Research published by The Pensions Institute, part of the Cass Business School in London, found that visible costs from asset managers only account for 18% of the total cost borne by investors.

The remaining hidden costs include the bid/ask spread, transaction costs, undisclosed revenue and other market-implied costs during transactions.

The Institute said that, even where asset managers aimed to increase cost disclosure, there remained hidden costs, and that full-disclosure was paramount.

“These are the indirect transaction costs for which investors pay via lower net returns,” the report said.

It said all good investment managers should have an estimate of the size for cash-costs relating to the efficiency of the investment management, such as commissions, taxes, bid/ask spread costs, transaction costs and undisclosed revenue.

The Institute did accept that non-cash costs, still borne by the investor through lower returns, would be more difficult. These costs include market impact, information leakage, market exposure and missed trade opportunities.

However, it did argue specialist advisers could obtain this information for investment managers, allowing them to disclose the impact to investors.

With regards to the cash-costs, managers argued the IT systems required to provide full disclosure would be expensive to implement.

But the Institute rejected this point.

For non-cash costs, it suggested configuring fund manager systems to generate similar information as can currently be provided, or periodic audits by consultants.

David Blake, author of the study and director at The Pensions Institute, said: “I would argue the principle of full transparency is paramount. Further, there is little point in requiring transparency where the reported measure for ‘costs’ does not include all of the costs, or, in the short term, as many as could currently be reported on a cost-effective basis.”

He added: “No good reasons have been put forward for why all the costs of investment management, both visible and hidden, should not ultimately be fully disclosed. They are, after all, genuine costs borne by the investor.”

The Investment Management Association (IMA), a lobby group for fund managers, argued it had already set out plans to increase transparency, including replacing the annual management charge and having a more basic charge structure.

Daniel Godfrey, chief executive of the IMA, said: “The third stage is to look further at how to account for indirect costs, and also to reach a consistent basis for the calculation and disclosure of portfolio turnover rates so clients can better understand the relevant investment processes.”

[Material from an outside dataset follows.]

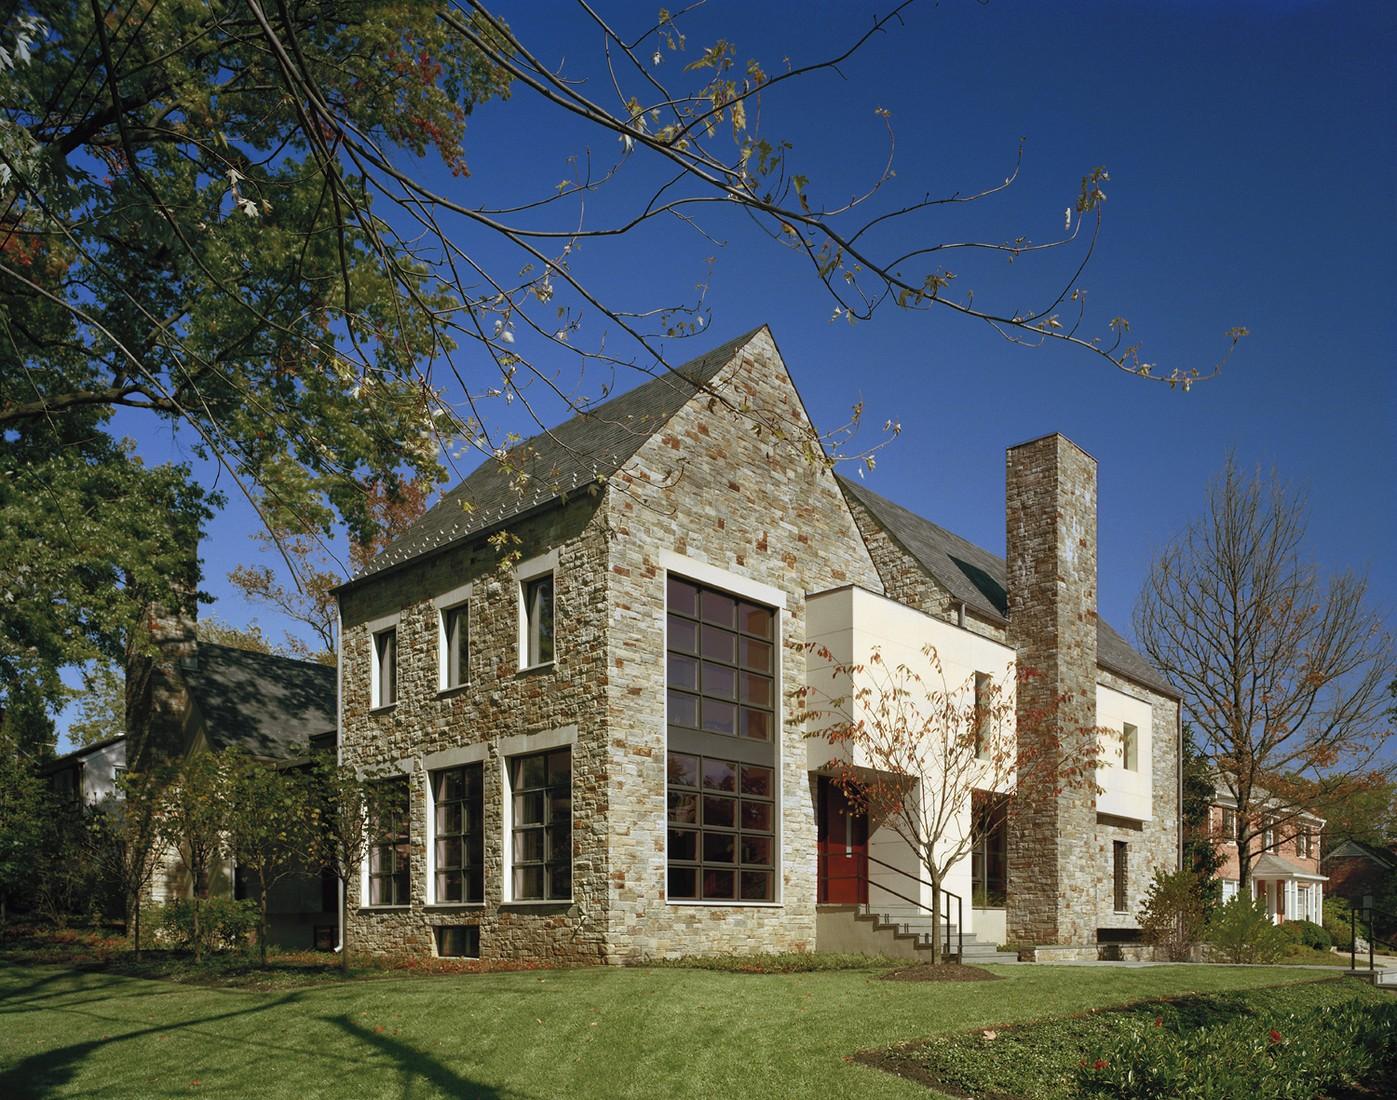 House Design Residence Interesting House Design Of Edgemoor Residence With Bright Colored Wall Which Is Made From Stone Veneer And Stone Chimney Architecture  Modern Classic Design From A House In USA

However, the True & Fair Campaign, which champions fee transparency, hit back at the IMA and said these were excuses for delay.

Co-founder of the campaign, Gina Miller, said: “This research proves the latest attempt to disclose all costs by the IMA, whilst dulcet in tone, is a pure farce.

“The IMA must act immediately to stop the abuse of people’s hard earned money and must interrogate and audit existing proposals and bring in total fee transparency by the end of this year.”

The report also argued that costs, which are provided to clients, may not be as simple as they look, such as declared commission on the purchase of assets.

“Investment managers often get ‘free’ services in exchange for this commission, such as broker research, market data or corporate access (to company managers),” the report said.

“But these ‘free’ services are actually paid for by the client. Investment managers frequently aggregate different clients’ trades to get the best price.

“The aggregated trades will go through a particular broker, which means some of these clients will be indirectly paying for research from which they get no benefit.”